3ヵ月間のホームレス経験は危険と隣り合わせで、襲われかけたり、眠れなかったりという経験もありましたが、同時に、彼らの人情や生き方、彼らなりのプライドも感じました。金が入ると、一緒に飲もうと誘ってくれる。互いに距離を保ちながら、集まりもします。

こうした触れ合いのなかで、関わり方も変わりました。自分の限界を認め、肩に力を入れず、できることをやる。そういうスタンスになりました。世間から白い目で見られる日雇い労働者や野宿は、自分自身の血であり肉体なので、支援する・されるというような感覚とは、そもそも違うのです。

 出会い系支援を

被災地支援のあり方に疑問も覚えたので、今年の5月に大阪に帰ることにしました。大阪でも野宿者は見えなくなりましたが、無縁社会を生きる人や生活困窮者・社会的困窮者は増えています。こうした人たちの見守り訪問をしたいと考えています。

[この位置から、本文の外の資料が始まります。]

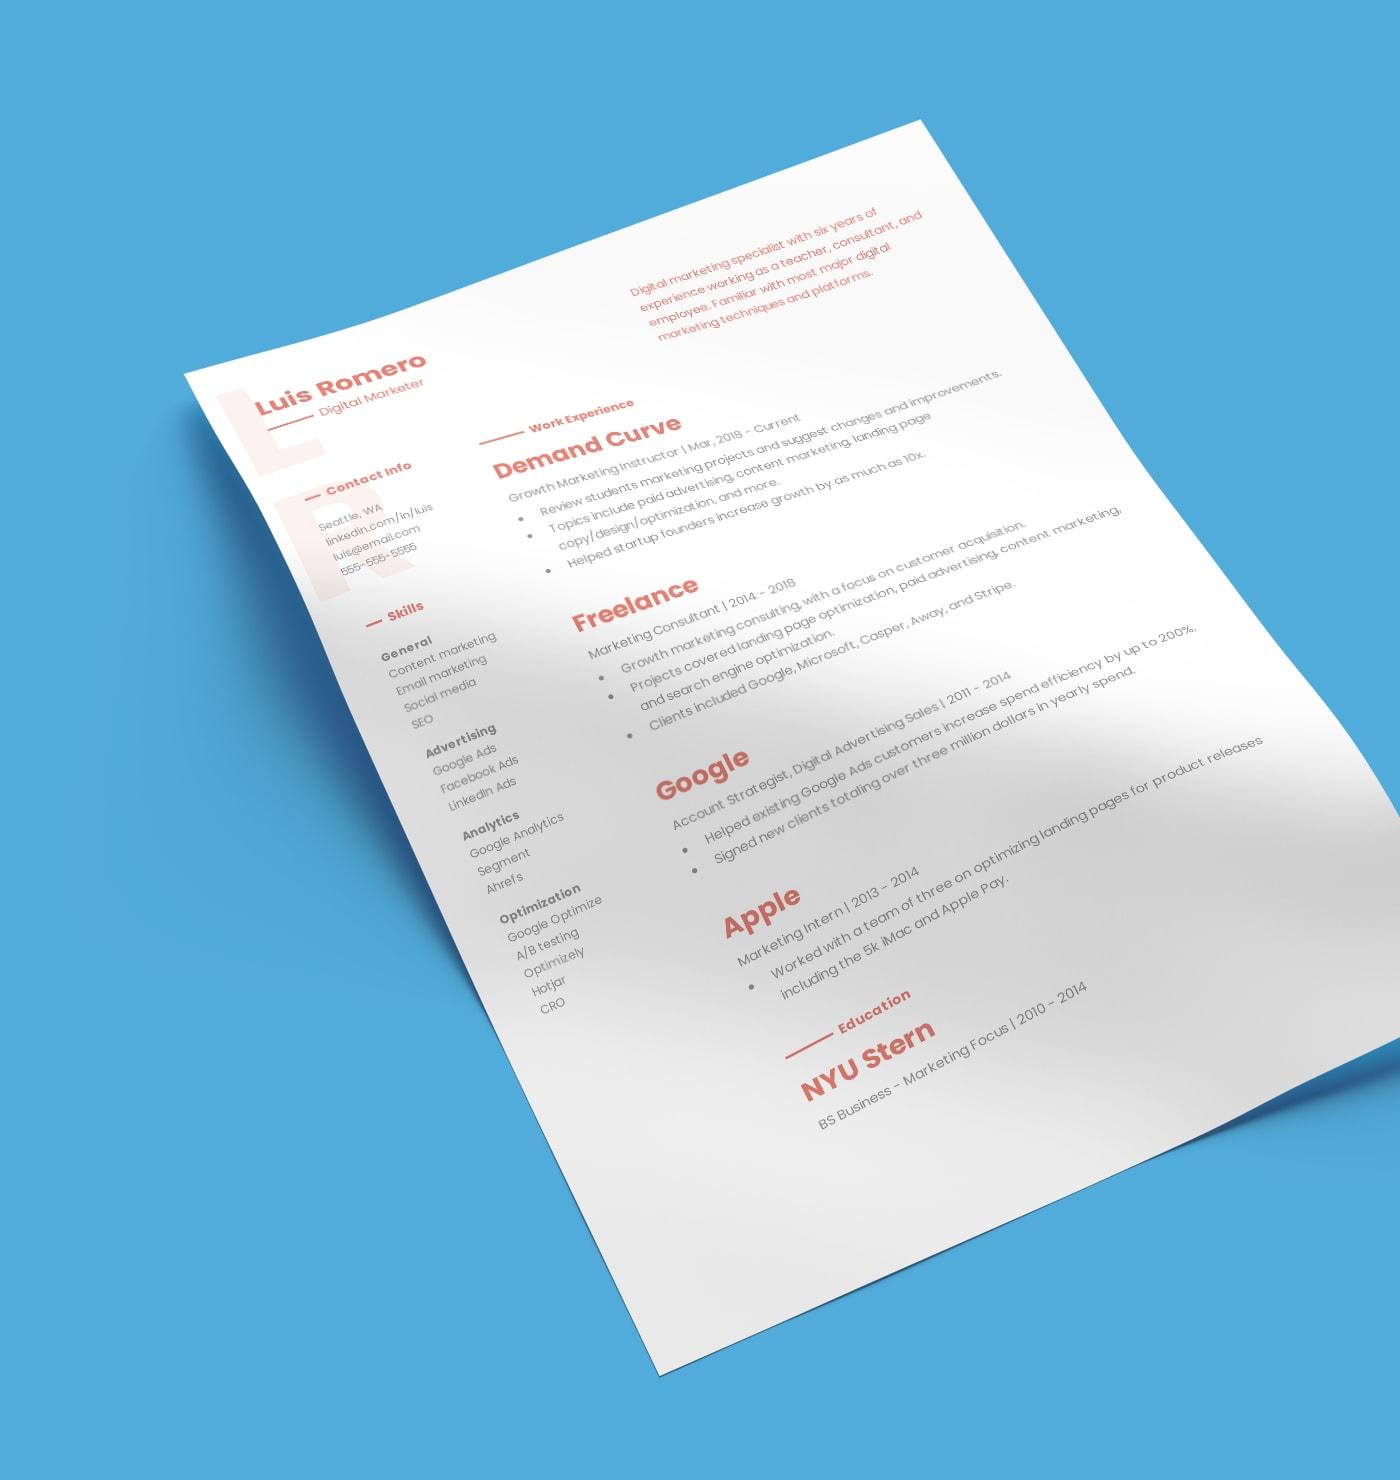 Georgia modern resume template created with Standard Resume builder.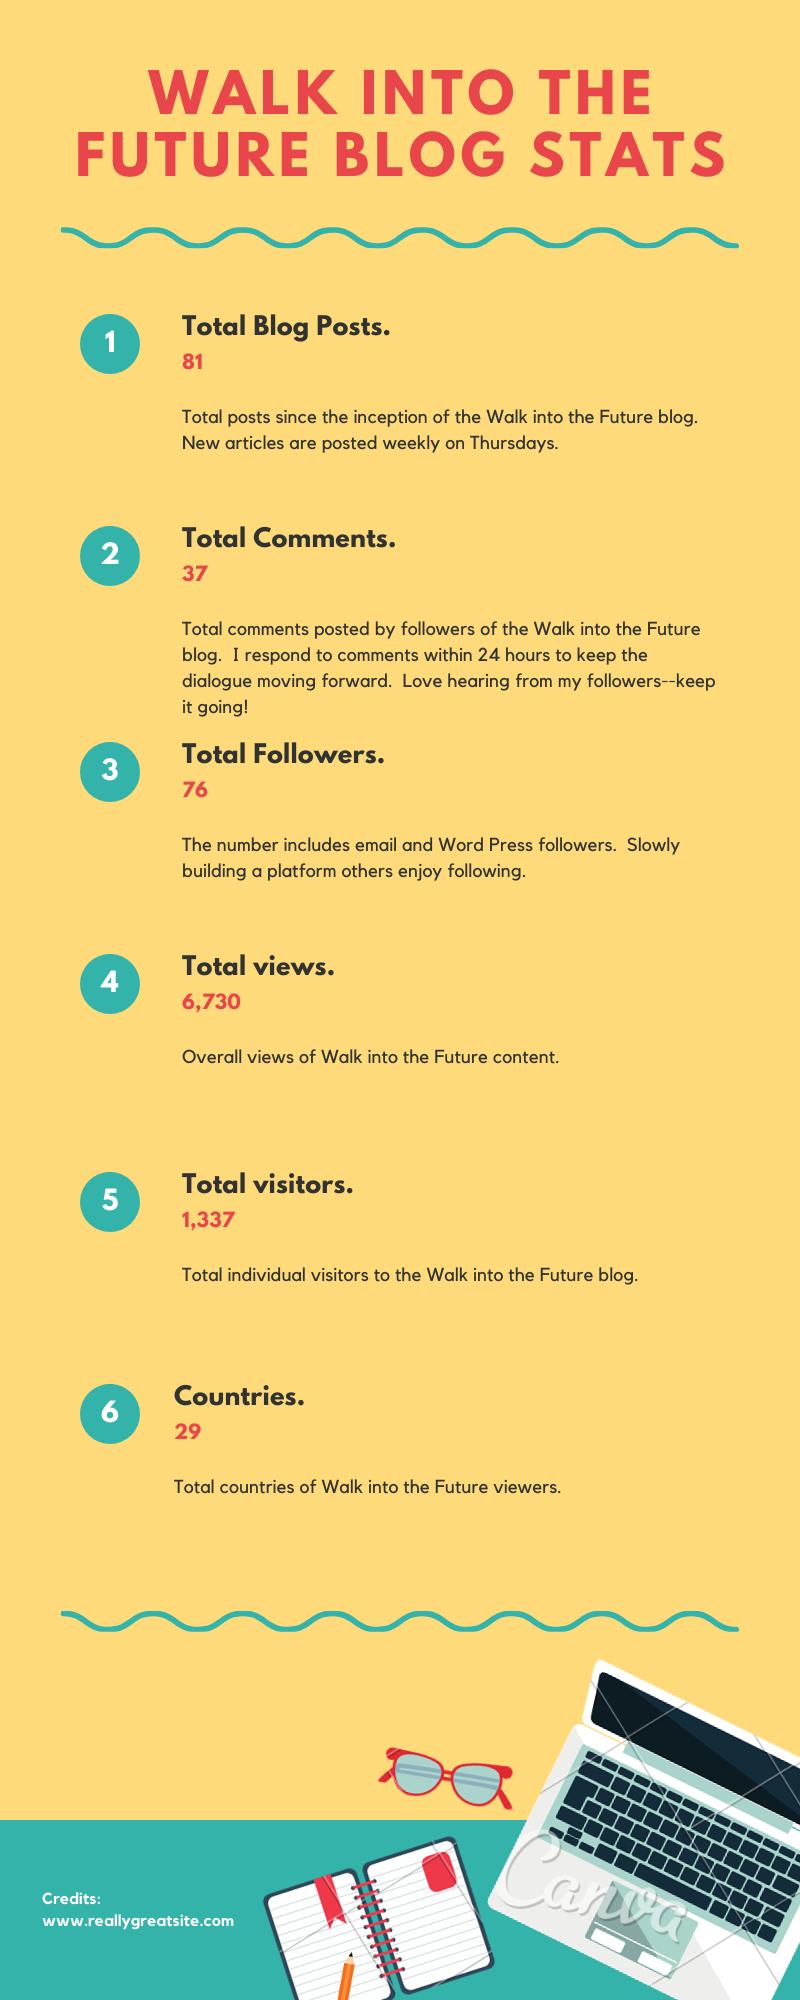 Walk into the future blog stats

被災地との繋がりとしては、地元の女性たちが、タオルやTシャツを材料にしたハンドクラフト製品を作っておられるので、その材料集めや販売に協力しています。

アメリカ中心の外資系の巨大企業が生産して余った大量の物資を困窮者に配るという「フードバンク」の現状に対しては、ちょっと違うなと思うので、生協などが取り扱う安全な自然食品を手みやげとして配りながら、茶飲み友達として関わるというイメージです。

奥田さんは「東北に行くのは、支援じゃなく、出会いを求めて行くのだ」と仰ってました。全く同感です。私が代表を務めている「支縁のまちサンガ大阪」は、縁結びを支えるという趣旨で、「出会い系」の支援を目指しています。